The garden referred to in the hints is probably 'Hidcote Manor Garden', according to some of his biographies, this was designed as a series of outdoor 'rooms', by Lawrence Waterbury Johnston, who was born in Paris c 17th October, 1871. Hidcote Manor lies about three miles north north west of the town of Chipping Camden but I did not find much in the way of evidence that Nancy Mitford lived there. The quote "stranger than dreams and far, far more disordered" appears to be from one of Nancy Mitford's novels, 'Christmas Pudding', published c 1932.
N.B. Due to the number of people who normally write poison pen letters in green ink posting on his page, the Eastender has moved to moderated comments but rest assured, if you have a comment or quip relating to the puzzle and its solution, he will endeavour to publish it.

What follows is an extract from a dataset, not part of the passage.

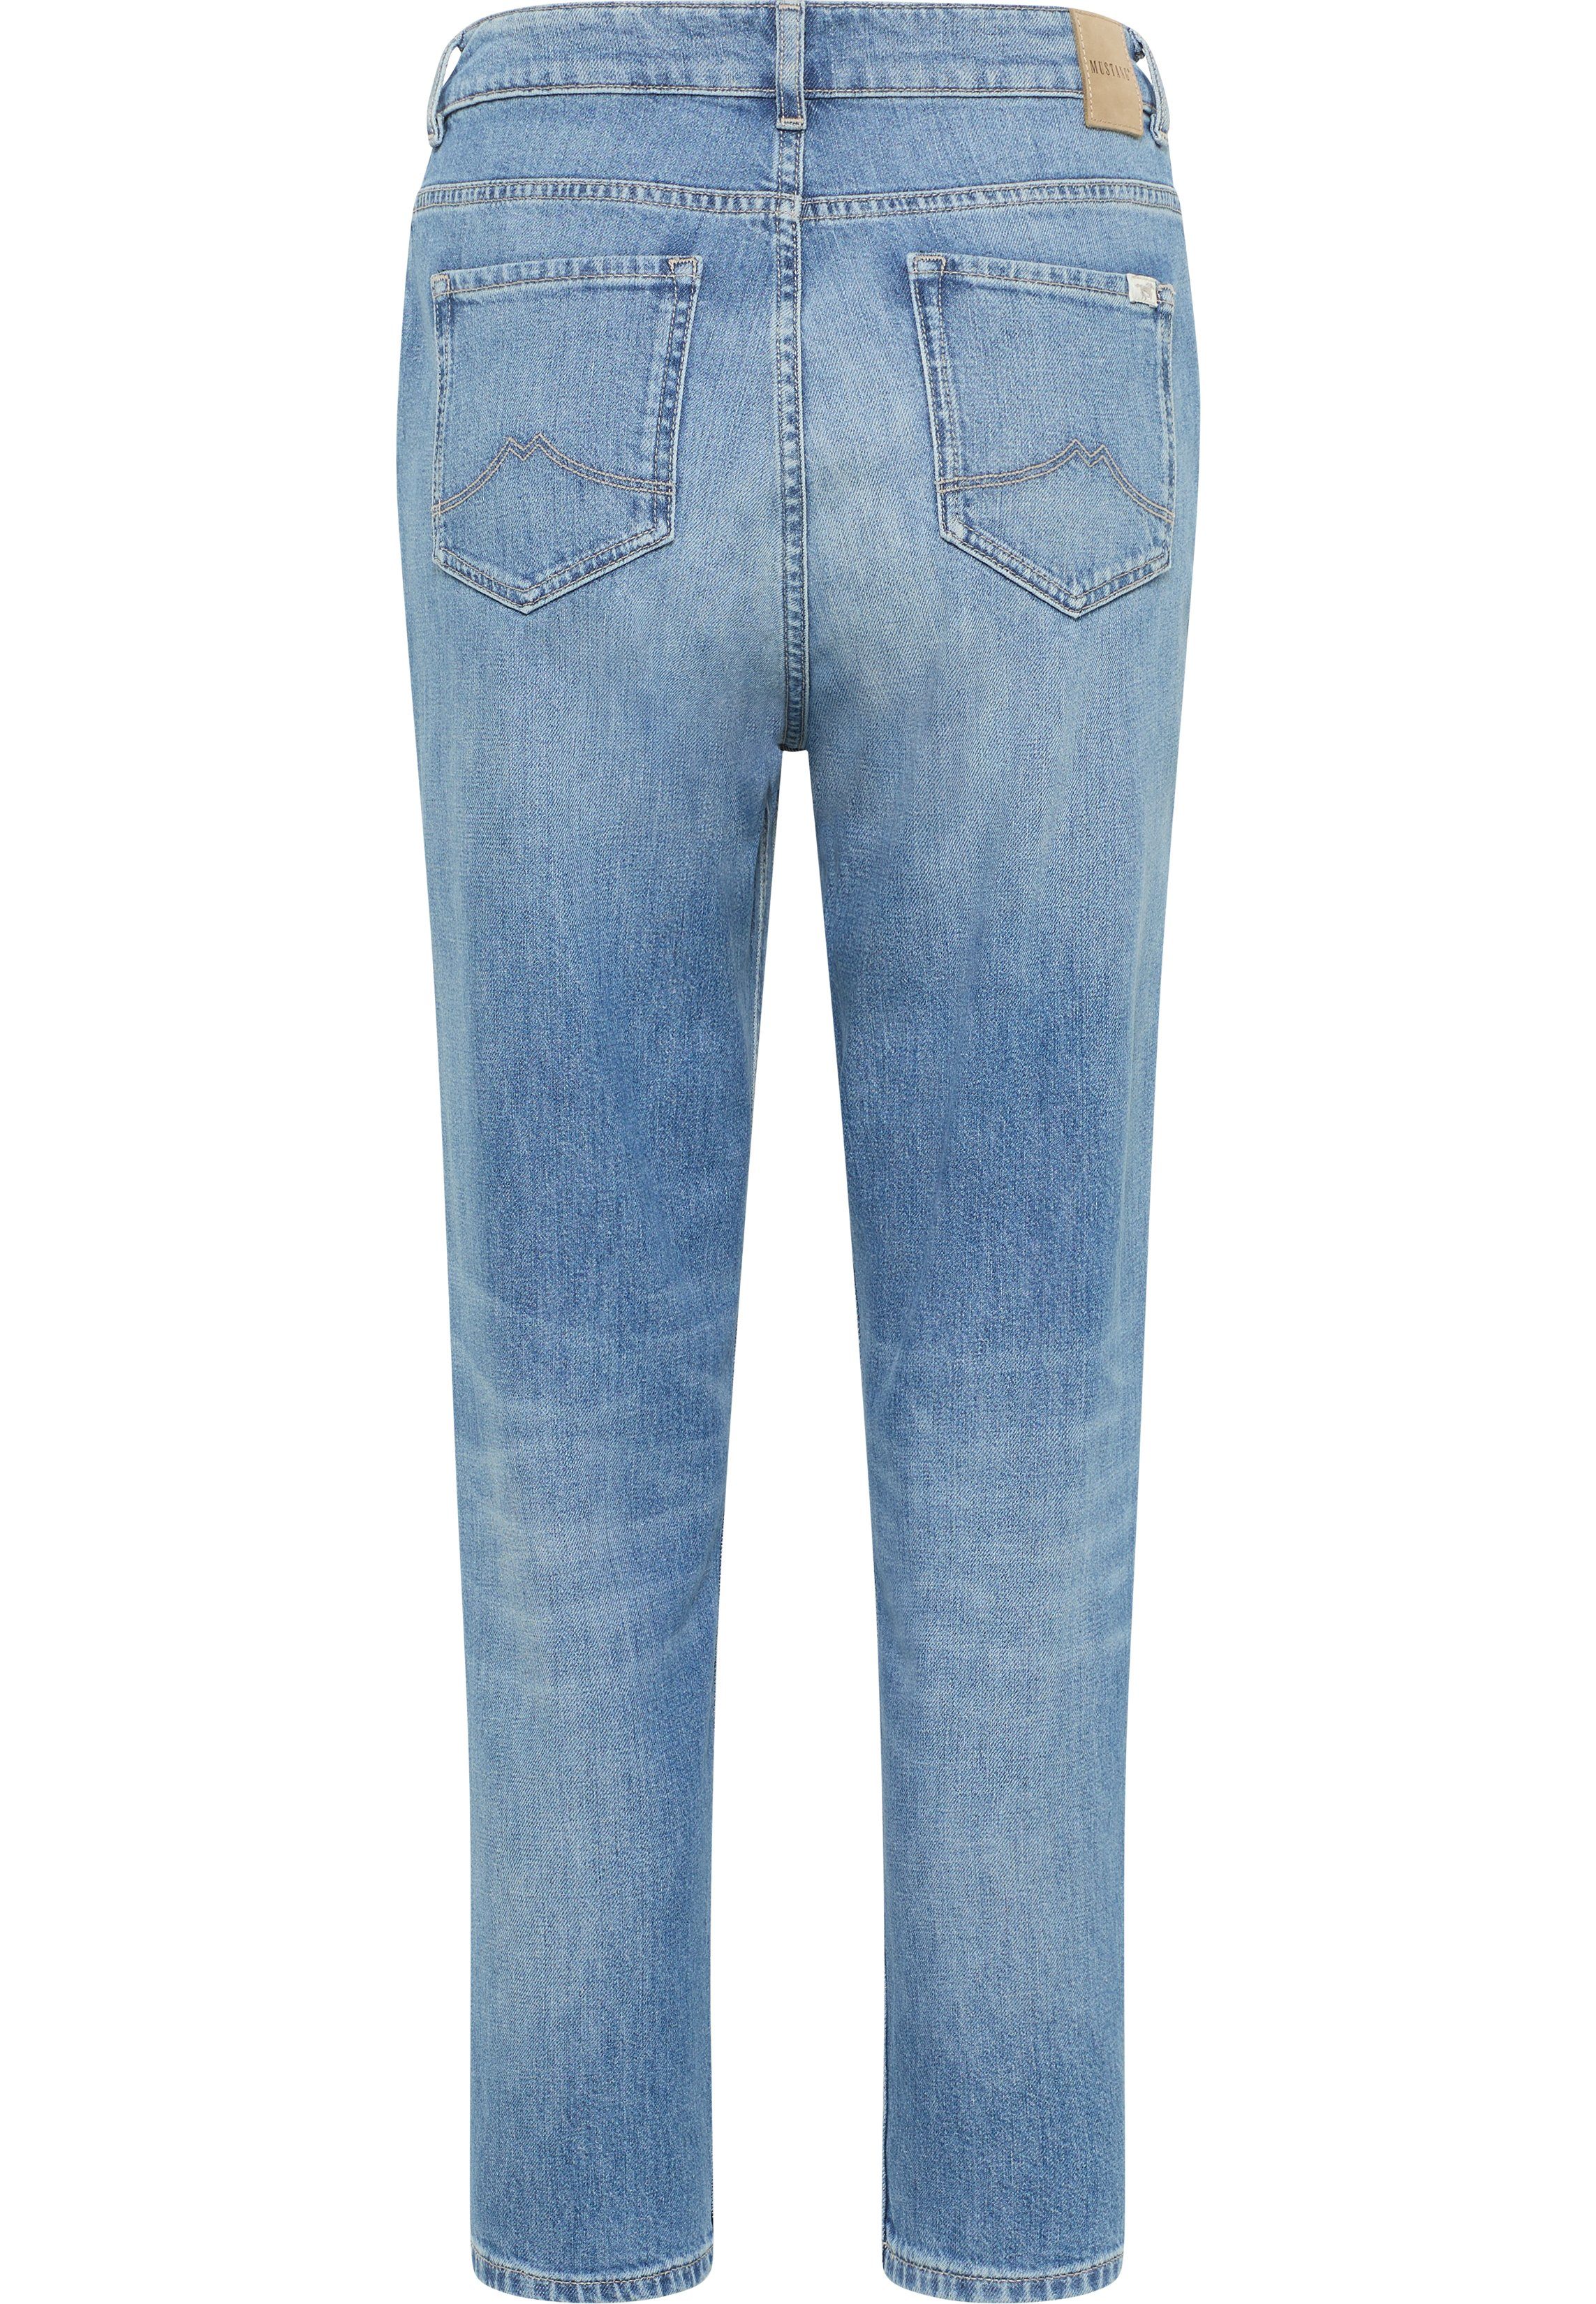 Charlotte Tapered Tapered-fit-Jeans MUSTANG hellblau-5000403 Style

A blog about life in the east end of Glasgow, the philosophical musings of the East Ender Himself (and let's be honest, more than a little mickey taking banter) and solutions to the puzzles he likes to work on. The Eastender's books and Ebooks can be viewed on the links below (he is of course using a pen name, as he does not want to get thrown into the chokey like Voltaire)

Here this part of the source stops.